Postgresql – What’s the problem with PostgreSQL temporary files

postgresql

I'm studying PostgreSQL architecture and in almost every book or blog post I read people say that we have to track any increasing of temp_files numbers and find the best work_mem size to avoid new temp_file creation.

But none explain why these temp_files are so bad. Could anyone clarify to me why we need to keep the number of temp_files low?

Best Answer

Memory is faster than disk.

Anything that can be done only using memory will work faster instead of using the hard disks to store temporary content.

PostgreSQL documentation says:

work_mem (integer)

Specifies the amount of memory to be used by internal sort operations and hash tables before writing to temporary disk files.

So if you find the proper value of it (which depends on total amount of RAM, number of workers, SQL queries done, etc.) then everything should be able to run from RAM only, hence fast.

If this value is exceeded for some operation, temporary files will be created on disk, and hence the operation will be slower.

So tracking amount of temporary files and investigate if it grows is a possible strategy to get better performances (maybe work_mem is just too low, its default value being 4MB; or it is good but it maxes out currently available RAM and then you need a box with more RAM).

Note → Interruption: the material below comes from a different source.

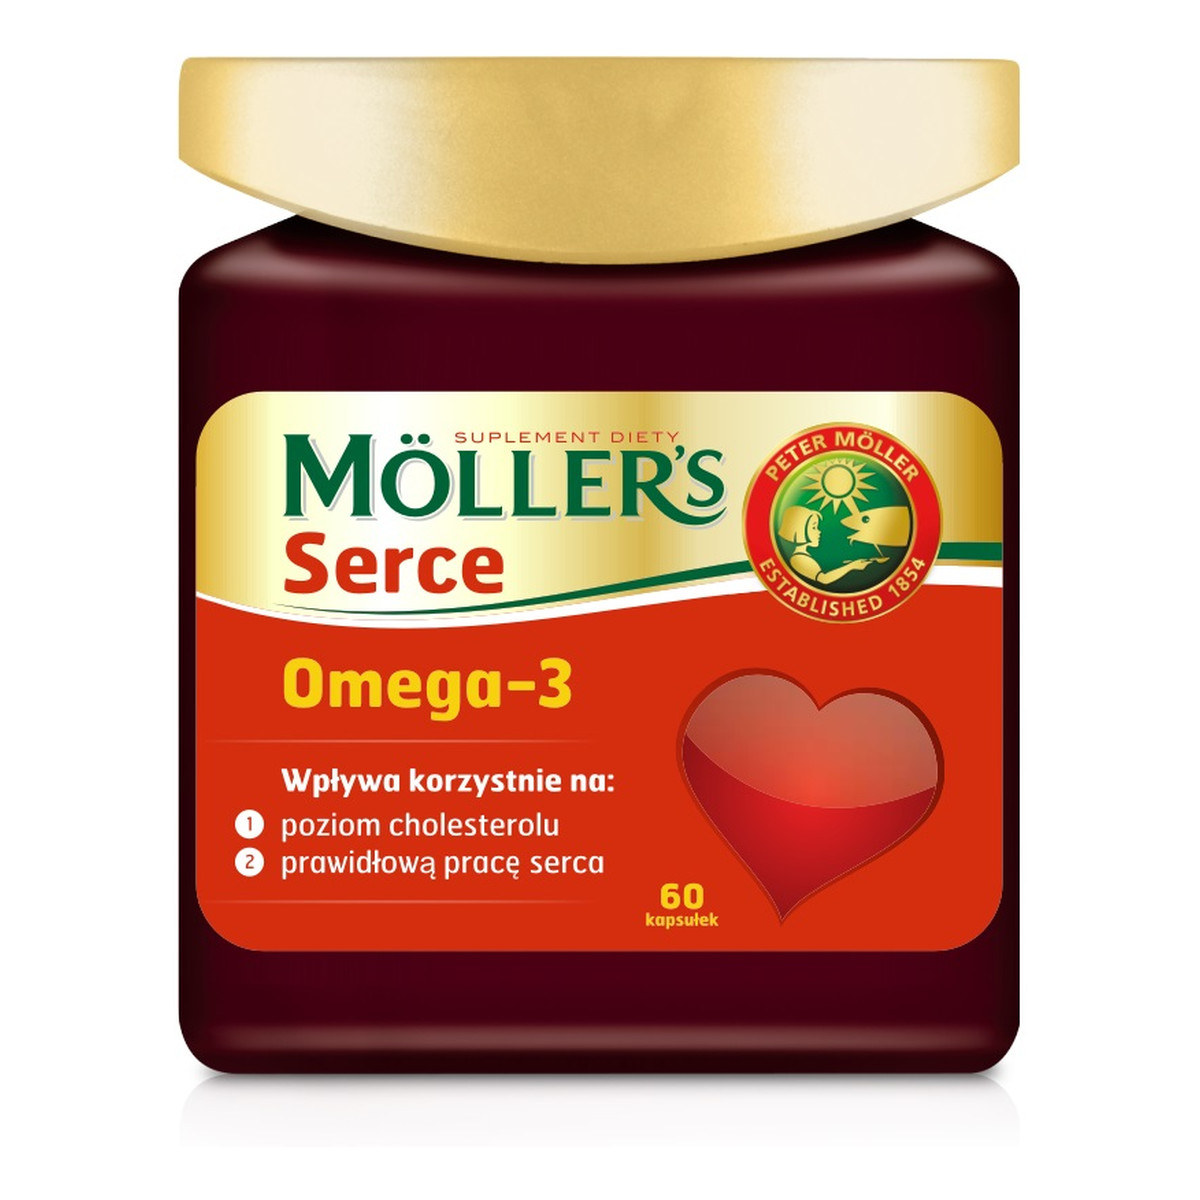 Moller's Serce omega-3 suplement diety 60 kapsułek

Hence the following tools:

1) temp_files in pg_stat_database whose value is "Number of temporary files created by queries in this database. All temporary files are counted, regardless of why the temporary file was created (e.g., sorting or hashing), and regardless of the log_temp_files setting."

and

2) log_temp_files configurable item whose documentation is:

Controls logging of temporary file names and sizes. Temporary files can be created for sorts, hashes, and temporary query results. A log entry is made for each temporary file when it is deleted. A value of zero logs all temporary file information, while positive values log only files whose size is greater than or equal to the specified number of kilobytes. The default setting is -1, which disables such logging. Only superusers can change this setting.